Air Canada Extends $63M Offer

TORONTO -- Air Canada extended its offer Tuesday night to purchase its struggling rival, Canadian Airlines International, until Dec. 23 to give itself more time to negotiate with the AMR Corp., the parent of American Airlines, the largest shareholder in Canadian Airlines.

The 92 million Canadian dollar ($63 million) offer by Air Canada for Canadian Airlines had been scheduled to expire at 5 p.m. Tuesday. A combination of the two carriers would leave Canada with one coast-to-coast carrier.

In Chicago, Donald Carty, the chairman of AMR, said "substantial progress" had been made in working toward a deal with Air Canada. Spokesmen for Air Canada sounded similarly optimistic.

Air Canada of Montreal, the country' biggest airline, had said it would extend the bid only if its talks with AMR indicated that a settlement of their differences seemed likely. Its offer requires that just over 50 percent of Canadian Airlines shares be tendered. But AMR, which owns 25 percent of Canadian Airlines, has said that it wants compensation of 1 billion Canadian dollars ($680 million) if the deal with Air Canada means that Canadian Airlines will break its commercial agreements with American, including withdrawal from the Oneworld alliance.

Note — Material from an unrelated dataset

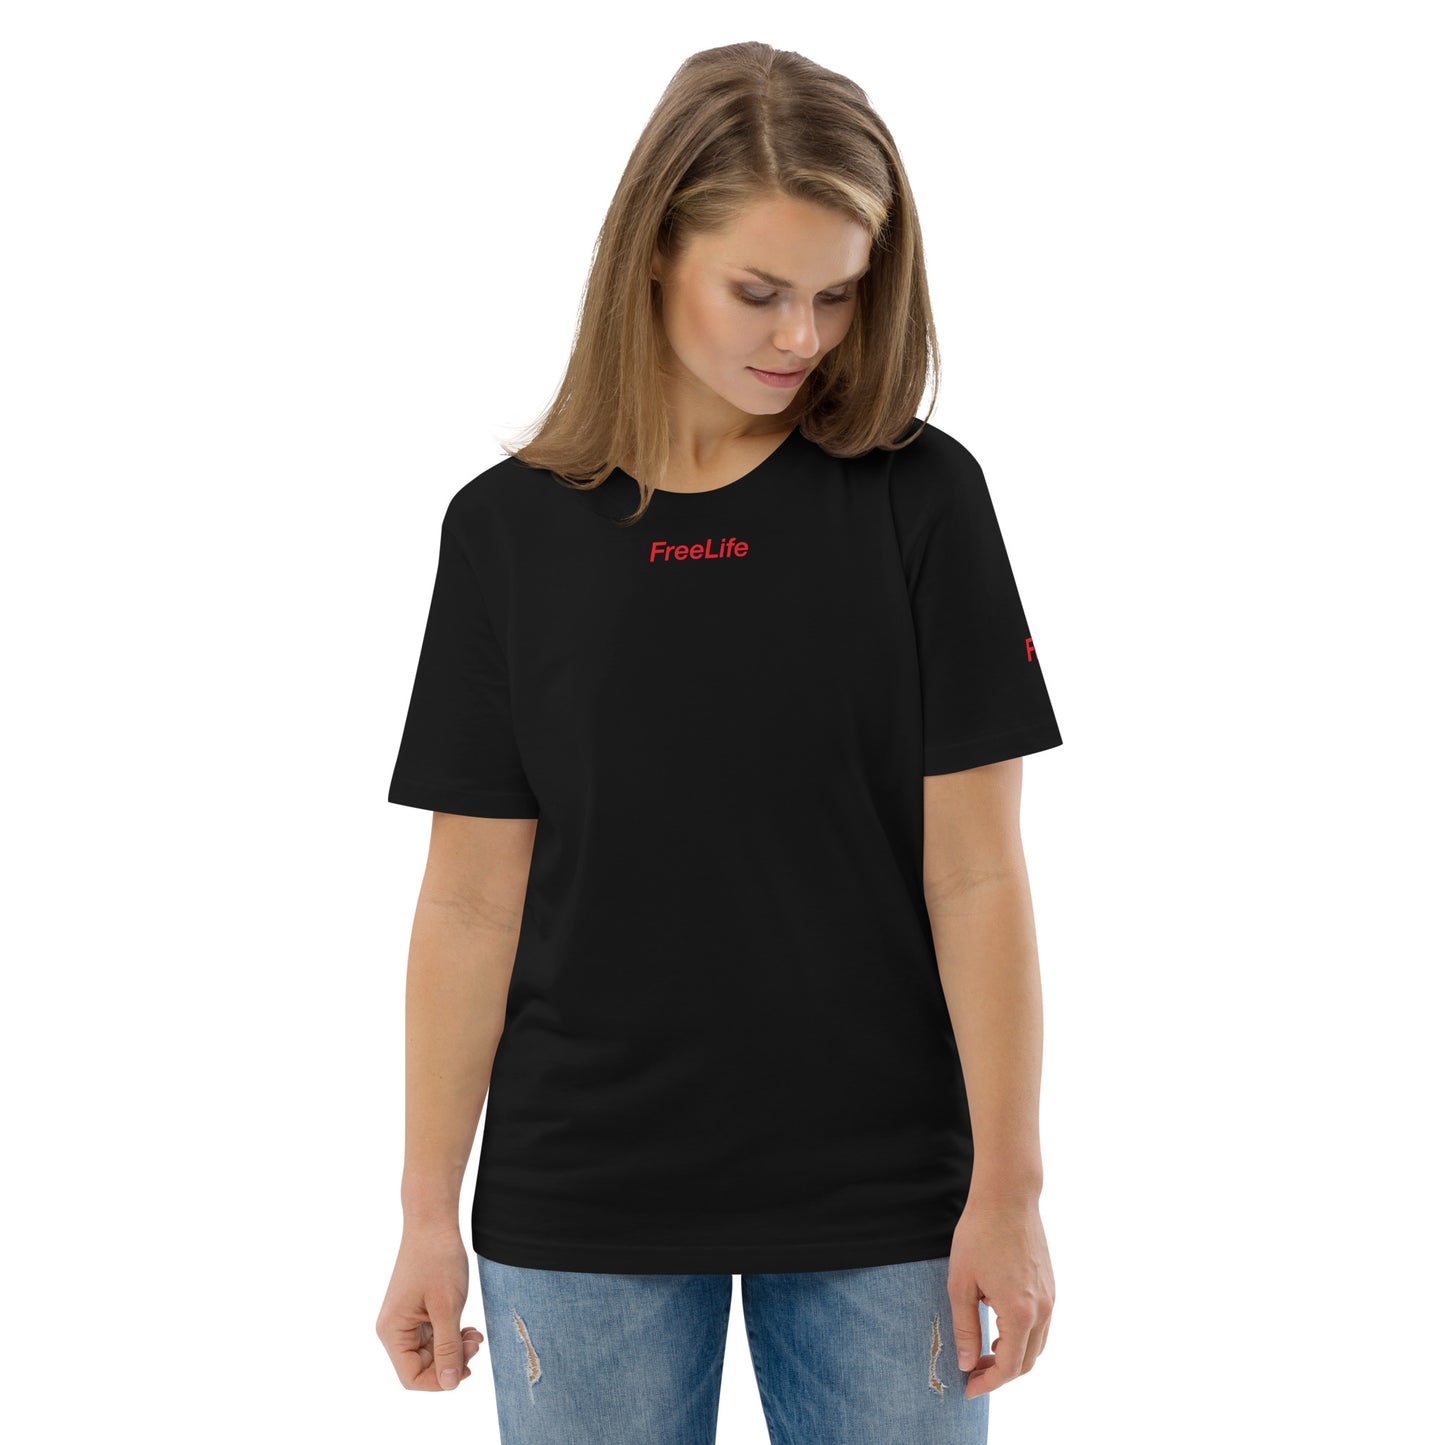 Baumwoll-T-Shirt

At the same time, though, AMR wants Canadian Airlines to be rescued, and Air Canada seems to be the only viable candidate. Without help, Canadian Airlines will run out of operating cash by the middle of next year. If that happens, AMR's huge investment in the ailing Canadian company will be substantially lost.

Although the directors of Canadian Airlines had advised shareholders to offer their shares to Air Canada on Saturday, AMR has been bargaining from its own position of strength for several weeks.

Air Canada will make concessions, people close to the negotiations said, but its president and chief executive, Robert Milton, has described the $680 million compensation demand as "ridiculous."

AMR has invested almost $170 million in Canadian Airlines and was given a controlling vote on all important corporate decisions.

American Airlines also draws an estimated $204 million a year in passenger traffic through its affiliation with Canadian Airlines.

Control of Canada's air industry erupted into a struggle in August when the Ottawa government lifted competition restrictions to permit merger talks between Air Canada and Canadian Airlines.

The Calgary-based Canadian had been losing money for years and Air Canada, while healthier, had been unable to match the returns of airlines in the United States because of stiff domestic competition.

The Onex Corp., a Toronto-based leveraged-buyout specialist put together a bid to buy both airlines, but backed out early in November after a Quebec court ruled that its offer was illegal. National legislation prevents any one shareholding of more than 10 percent of Air Canada.

Virgin Atlantic Airways Ltd. may be flying into Canada early next year, The Associated Press reported.

"I don't know how soon we will be in Toronto, but we are an aggressive airline and we are aggressively opening up new markets in the new year," said Sharon Pomerantz, North American spokeswoman for the British company. "If the market is right in Canada, if there's going to be one dominant carrier, this is going to be a very ripe market to look at.

"We like markets that have very little competition. We are always looking for new markets around the world. And Canada is certainly on our wish list."

A year ago, Virgin boss Richard Branson said he wanted to be flying to Toronto and Vancouver within 18 months.

Virgin could be the first of a number of new entrants into the Canadian market to fill an expected void created by the purchase of Canadian Airlines by Air Canada.